La jeune femme partit dans une explosion de rires. Oui, c'était effectivement un drôle de souvenir. Quand Naru commença à avoir un corps un peu plus sculpté, le vieillard, dans une promenade nocturne, l'avait repérée en train de se laver dans la source thermale. Non curieux et malhonnête d'épier les formes que la fillette apprenait à découvrir, il reçut le coup d'une boule de feu dans l'arrière-train. Surpris, il décolla littéralement de son buisson verdoyant, dévoilant ainsi sa position.

Naru, effrayée d'être vue par un pervers, courut vers ledit voyeur pour le faire valser d'un point sous le menton. Ce n'était qu'après que Tsukasa soit venu spontanément vers elle en courant, l'air inquiet, qu'elle comprit que l'homme qu'elle avait fait rejoindre le milieu de la forêt n'était autre que son maître. Assurément, ce jour-là, il avait pris cher.

À présent, elle se tenait les côtes, reprenant son souffle, pleurant de rire au rappel de ce souvenir.

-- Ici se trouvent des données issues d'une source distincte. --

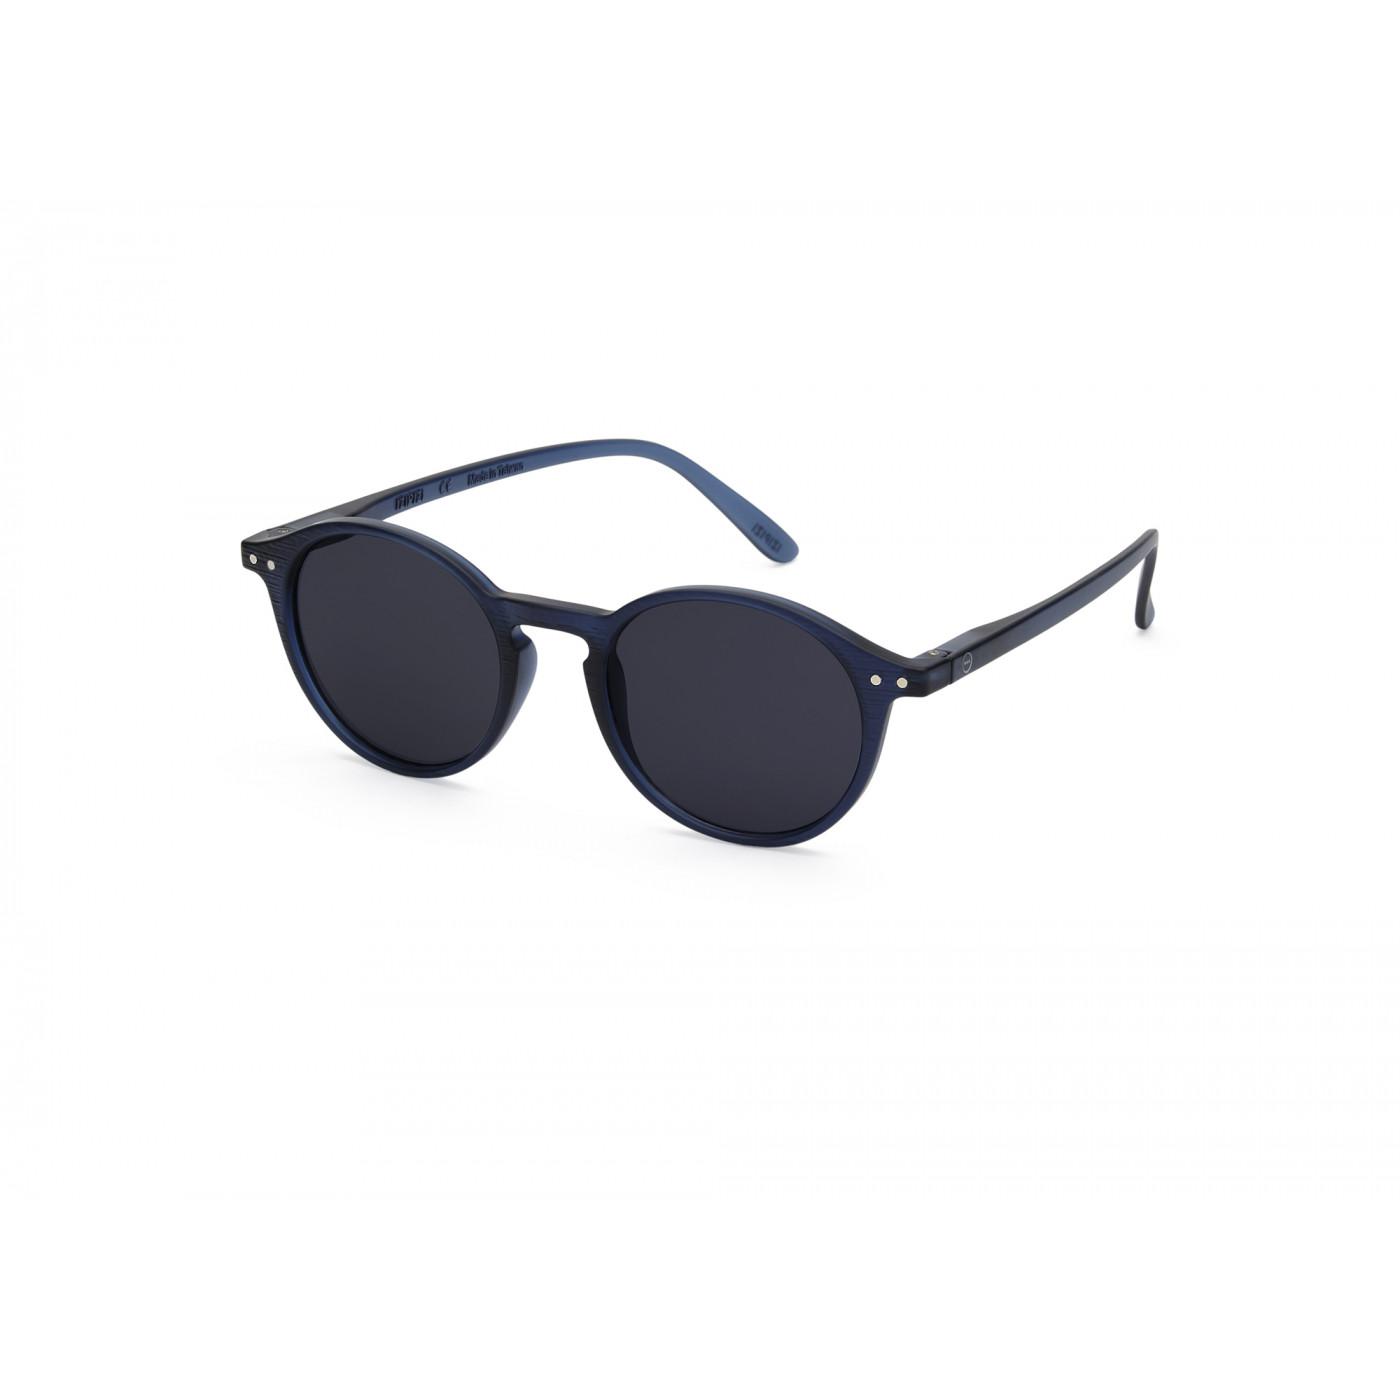 Sunglasses frame D deep blue essentia collection by Izipizi

Tsukasa l'accompagna avec joie et ils rigolèrent ensemble en se rhabillant avant de regagner le temple. Main dans la main, ils passèrent près du grand lac jumeaux. Naru était à chaque fois émerveillée par ce lieu étrange et paisible. La particularité de cette eau, même visible de nuit, était qu'un côté demeurait bleu sombre et que l'autre était bleu azur, séparés par une ligne de terre.

Leurs maîtres leur avaient conté la légende des dragons jumeaux, l'un du ciel et l'autre de la terre, qui ensemble maintenaient l'équilibre des cieux. Mais les deux frères se querellèrent pour savoir qui des deux allait gouverner les terres. Dans leurs guerres, ils plongèrent le monde dans le chaos jusqu'à ce qu'un homme, aveuglé par la rage de la gigantesque perte de sa famille, décocha une flèche de lumière dans le flanc du dragon du ciel. La créature s'écrasa dans la montagne, laissant son frère seul.

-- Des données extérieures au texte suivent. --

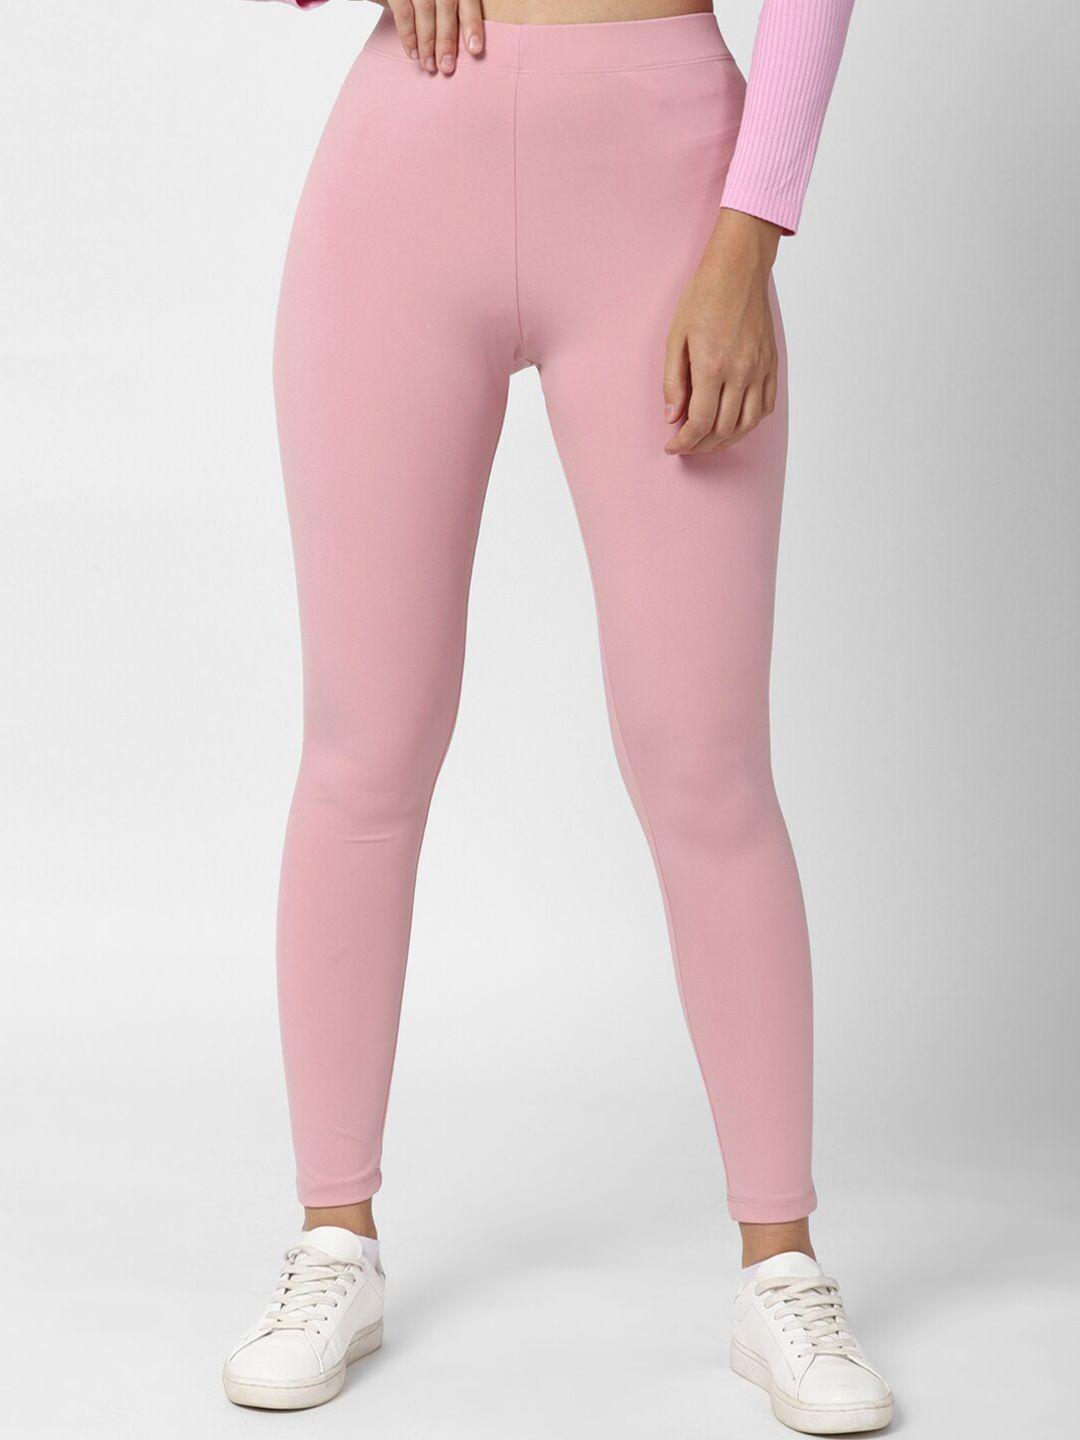 forever-21-women-pink-solid-ankle-length-leggings

De chagrin, le dragon de la terre se posa sur la terre et s'endormit aux côtés du corps agonisant de son jumeau, liant sa queue pour le revitaliser. Le temps s'écoula, laissant librement la nature reprendre ses droits, recouvrant soigneusement leurs corps massifs d'une eau limpide, distinguant nettement chacun leurs côtés mystiques.

Tsukasa sentit la paume de Naru se serrer sur la sienne. Il orienta le regard vers elle et remarqua qu'une larme se déroulait lentement sur sa joue. Il s'approcha prudemment et l'essuya délicatement de son pouce.

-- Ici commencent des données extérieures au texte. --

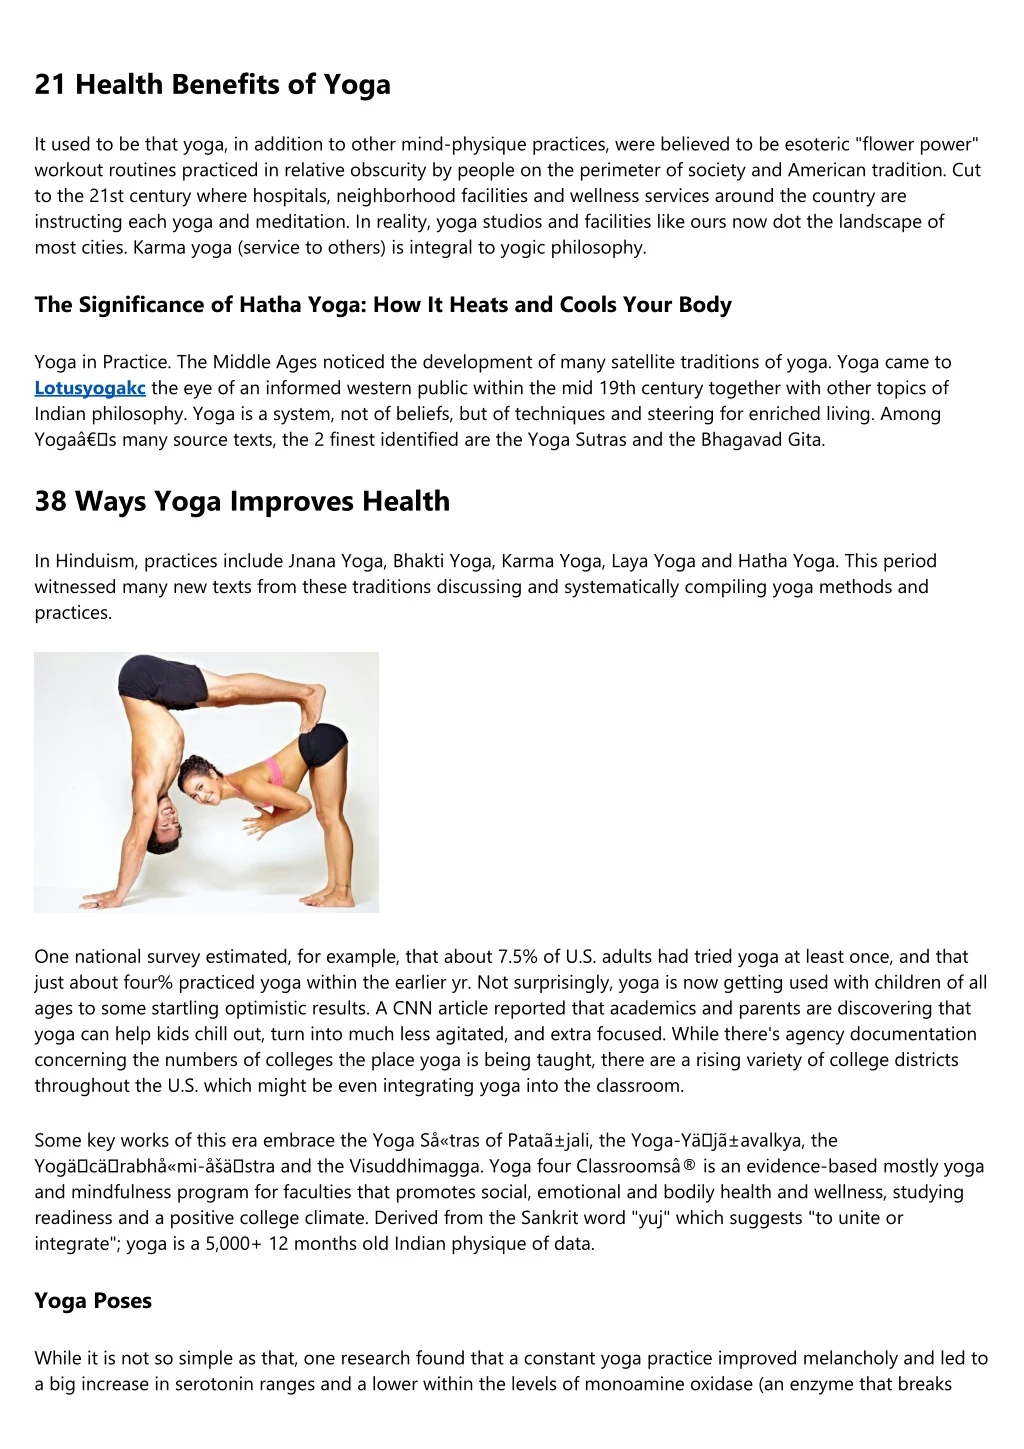 21 health benefits of yoga

— Tu repenses à la légende ? s'inquiéta-t-il en la lovant dans ses bras.

— C'est plus fort que moi, larmoya-t-elle. Chaque fois que je vois ces lacs, je ne peux pas m'empêcher de pleurer, ajouta-t-elle, le cœur serré.

Il saisit son fin visage en coupe et embrassa tendrement la jeune femme. Il s'écarta prudemment et ramassa discrètement une pierre triangulaire sur le sol.

— Viens.

Il  tira sur le bras de Naru et en s'approcha d'un cerisier en fleurs. Elle se hâta à sa suite, s'arrêtant devant l'arbre majestueux. Elle ne saisissait pas où voulait en venir Tsukasa et le regarda attentivement faire. Il commença à tailler soigneusement dans l'arbre immense, disant tout bas :

— Si le vieux nous voit faire ça, je ne donne pas cher de ma peau.

Après un moment passé sur la gravure, il se recula, laissant à Naru observer le chef-d'œuvre sous ses yeux. Deux dragons formèrent un cœur. Les détails restaient impressionnants et le tout en relief. À l'intérieur du cœur étaient gravées les initiales de Tsukasa et de Naru. Il avait ainsi inscrit leur amour sur cet arbre centenaire.

Naru se jeta littéralement au cou de Tsukasa en le couvrant davantage de baisers. Elle était épanouie de ce moment rien qu'à eux, profitant entièrement de sa caresse dans son dos. Elle ne voulut point quitter ce lieu devenu sacré à leurs yeux. Cependant, il fallait au plus vite regagner le temple où le vieillard s'impatientait en fumant sa pipe, agacé de leurs retards.